Task to complete: Every line of the listing below is to be duplicated exactly, with the pictures left out.

Recorded information:
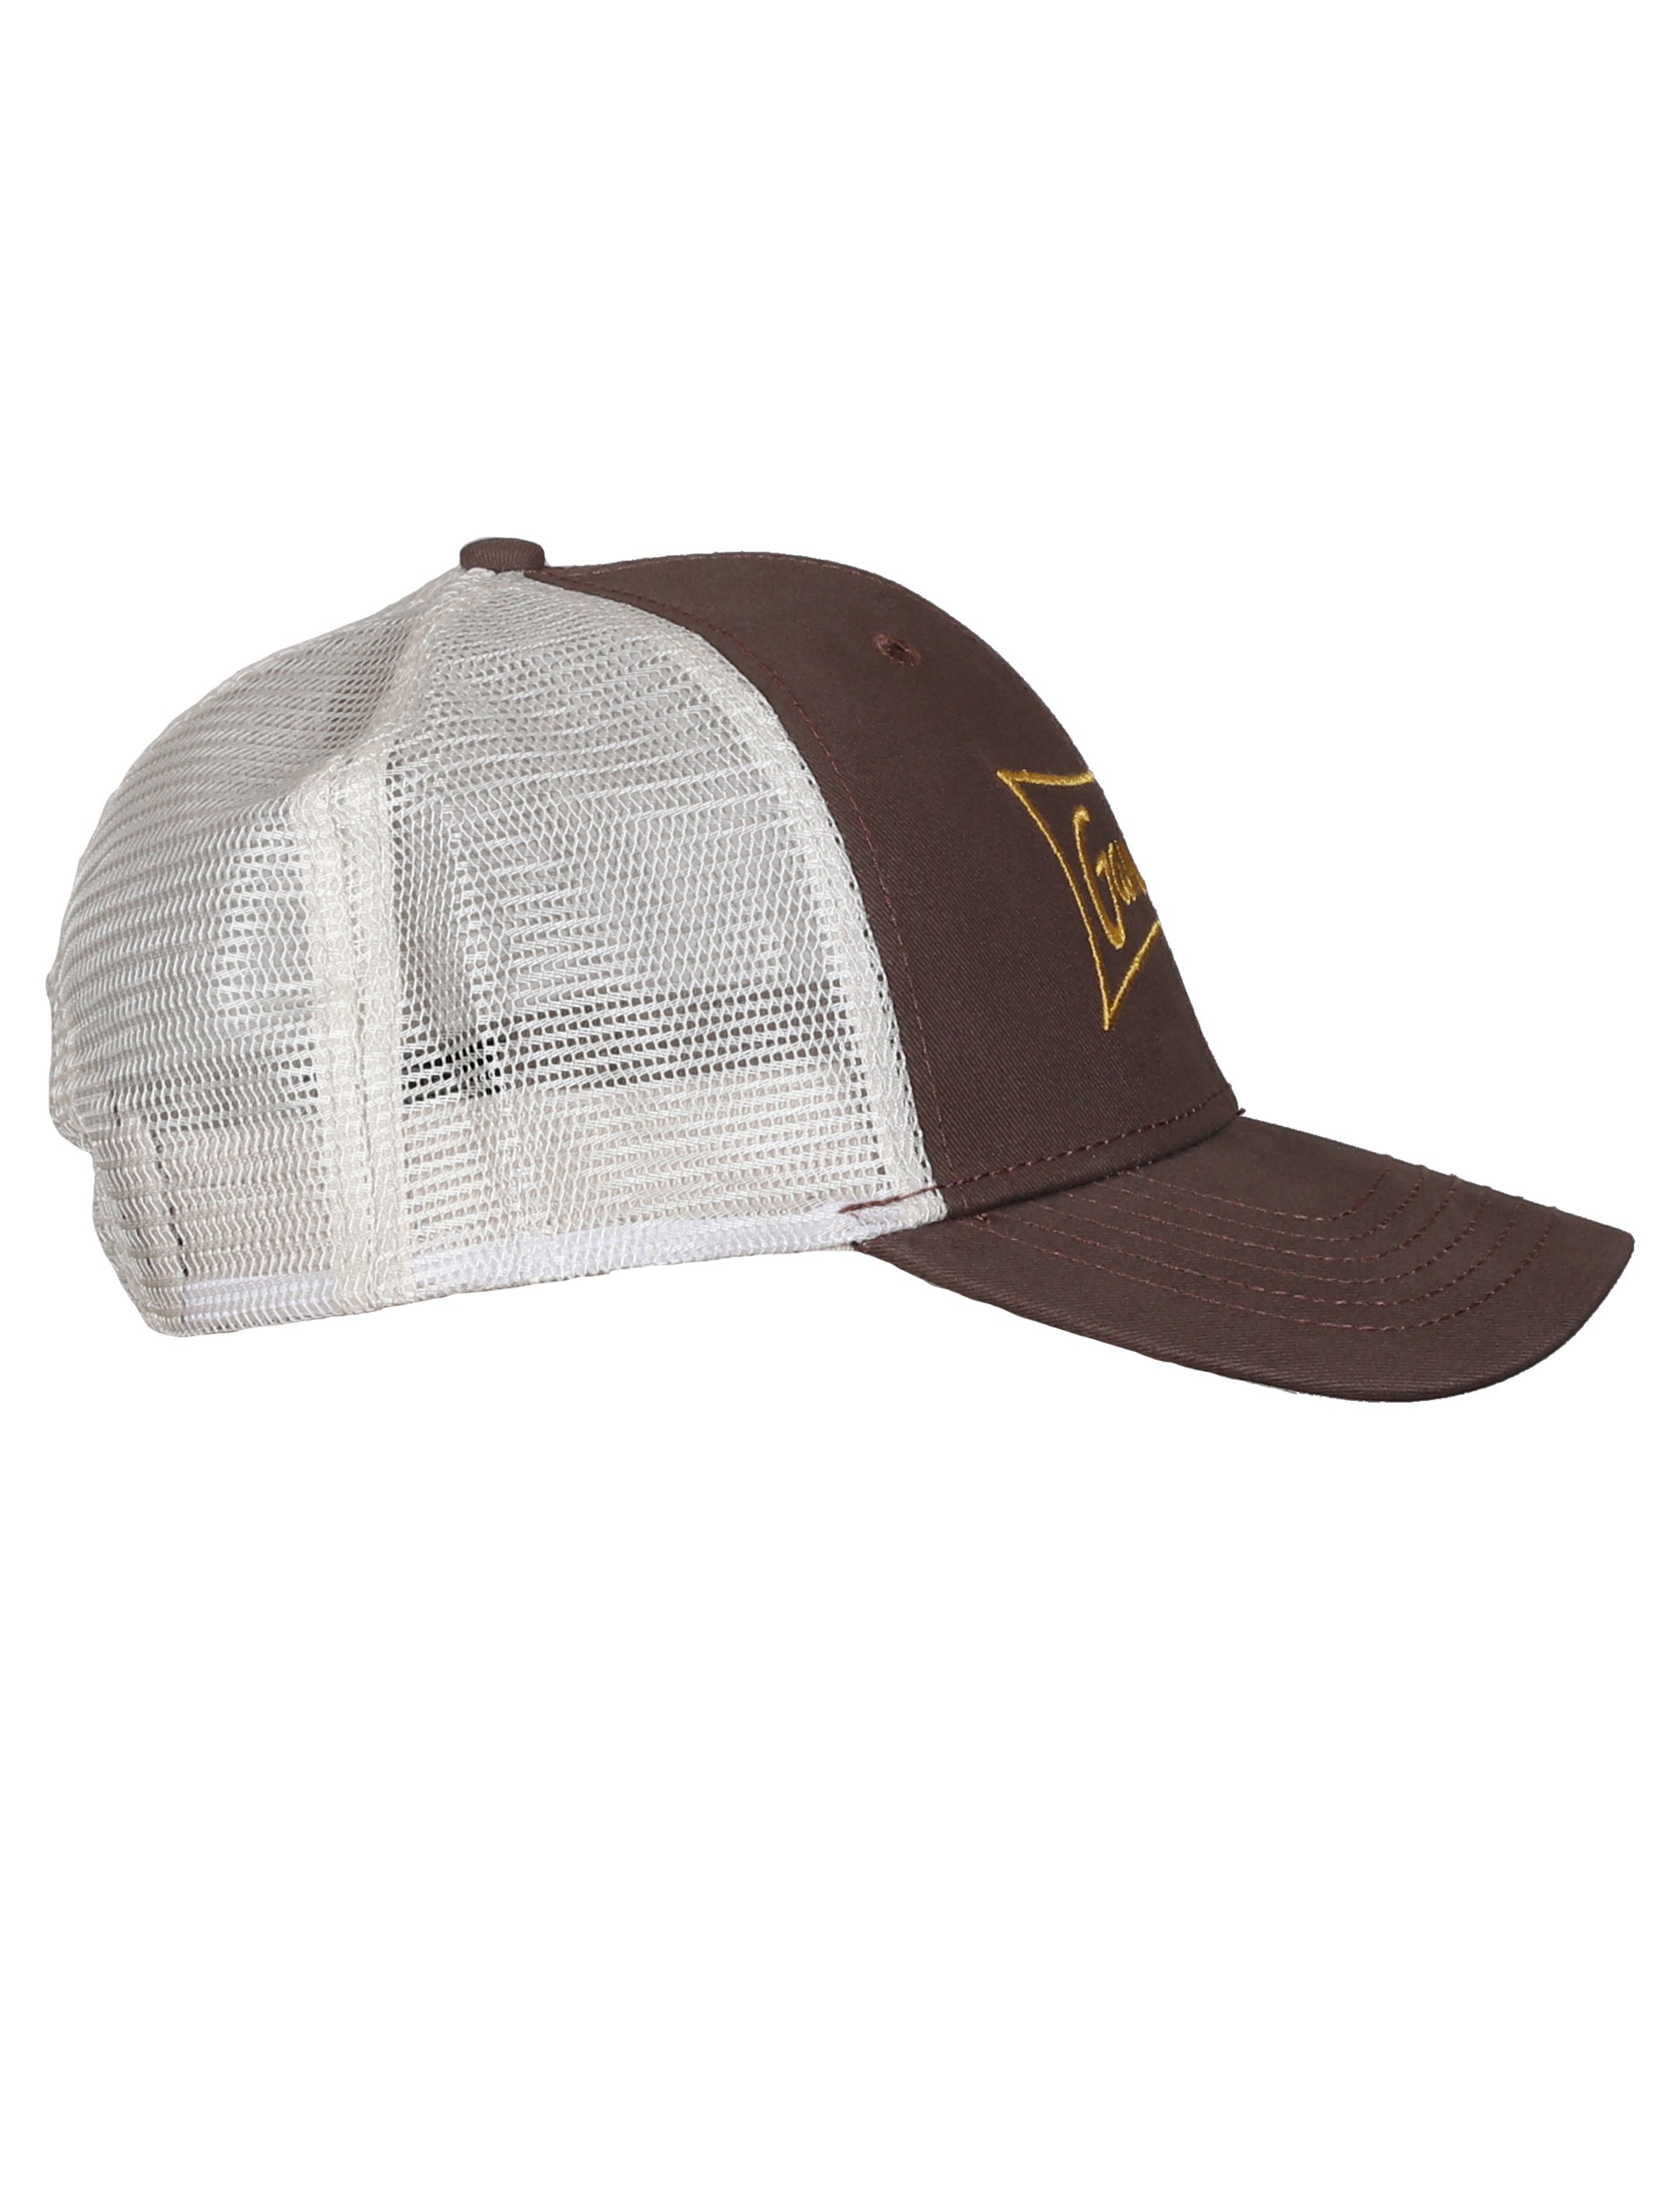 Gamehide logo hat side (brown)
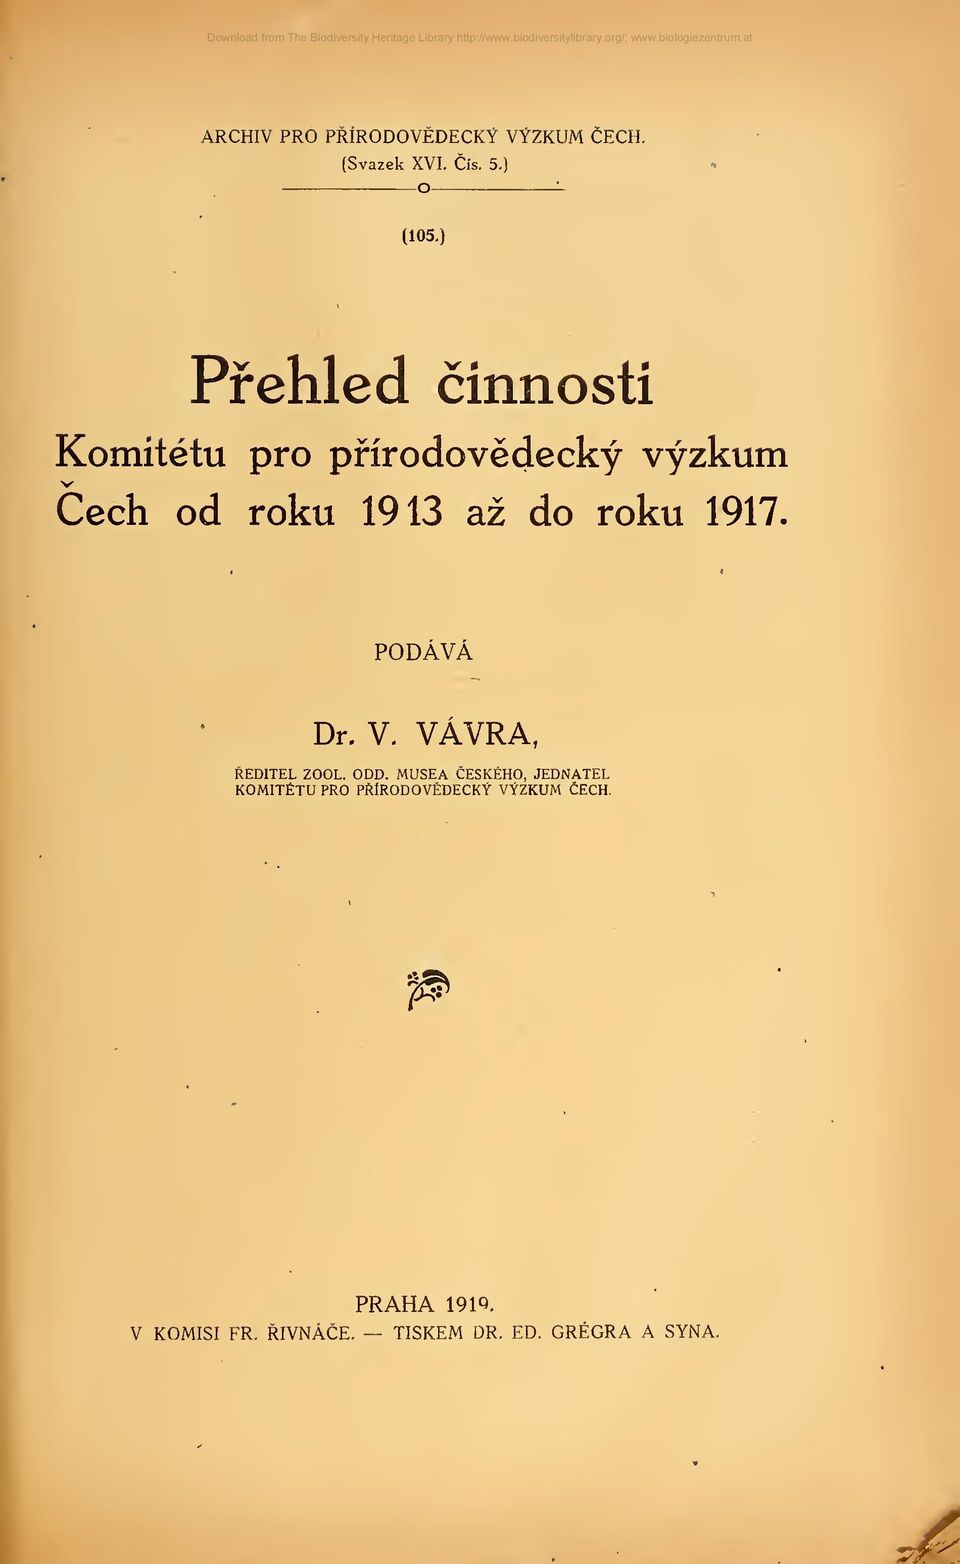 ) Pfehled cinnosti Komitetu pro pfirodovedecky vyzkum V Cech od roku 1913 az do roku 1917. PODÄVÄ Dr. V. VÄVRA, REDITEL ZOOL.
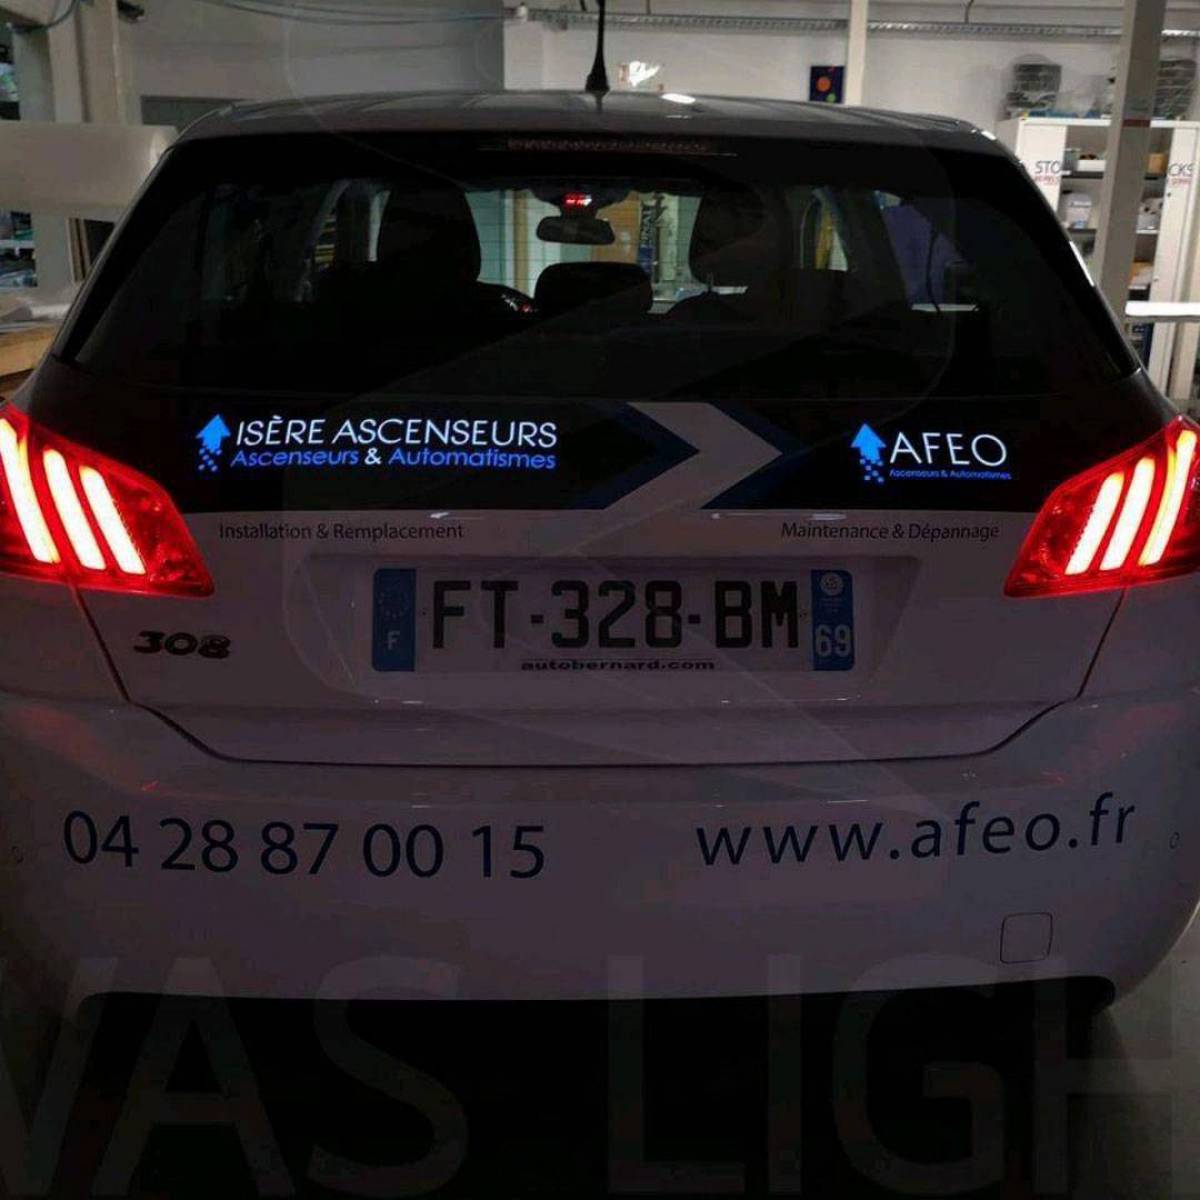 Covering électroluminescent voiture AFEO et ISERE ASCENSEURS Grenoble
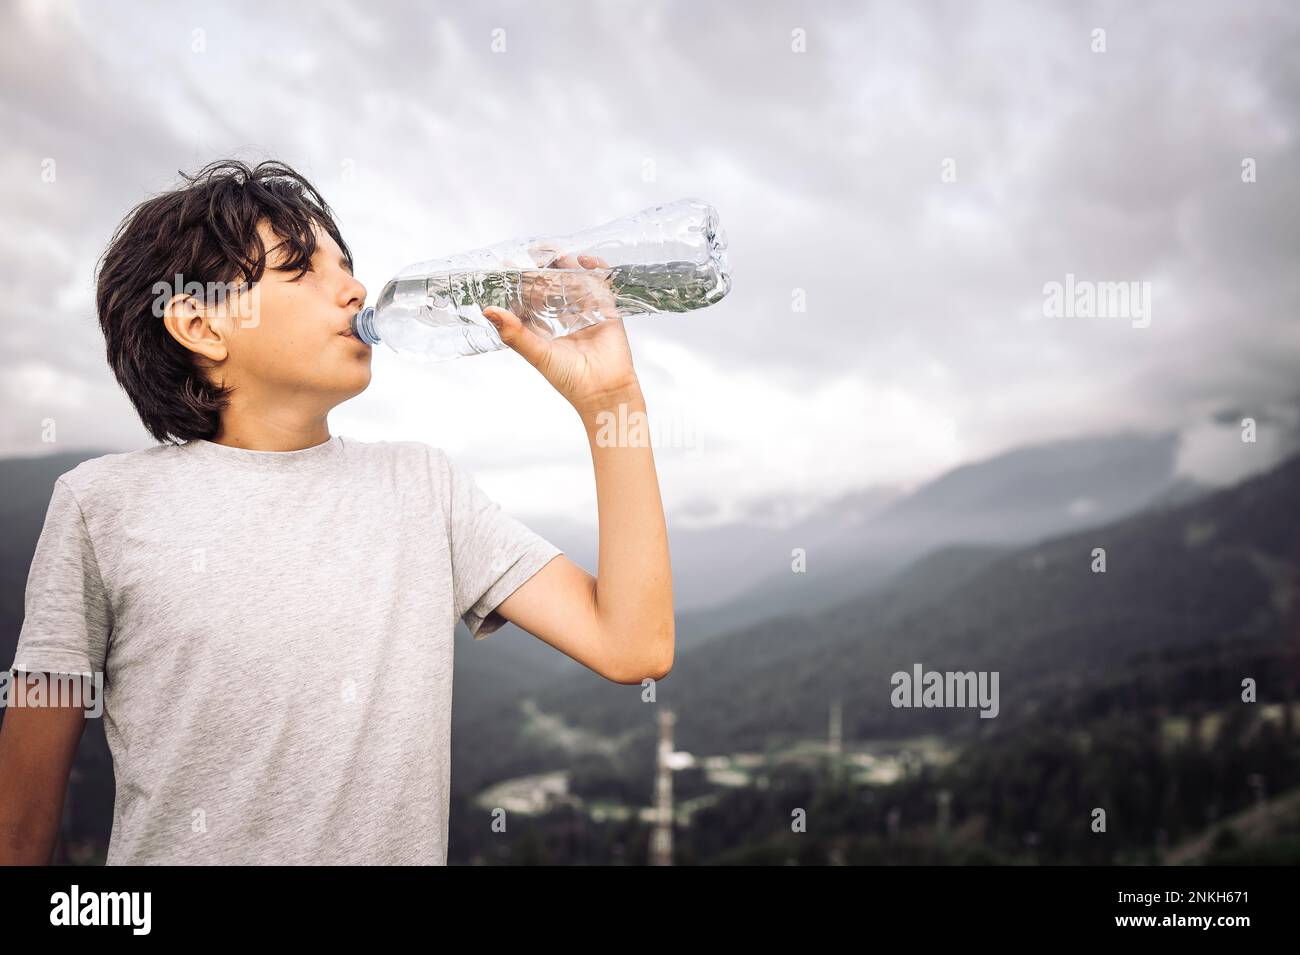 https://c8.alamy.com/comp/2NKH671/thirsty-boy-drinking-water-from-bottle-2NKH671.jpg

Result of this exercise:
 Gamehide logo hat side (brown)
 ) Pfehled cinnosti Komitetu pro pfirodovedecky vyzkum V Cech od roku 1913 az do roku 1917. PODÄVÄ Dr. V. VÄVRA, REDITEL ZOOL.
 Covering électroluminescent voiture AFEO et ISERE ASCENSEURS Grenoble
 https://c8.alamy.com/comp/2NKH671/thirsty-boy-drinking-water-from-bottle-2NKH671.jpg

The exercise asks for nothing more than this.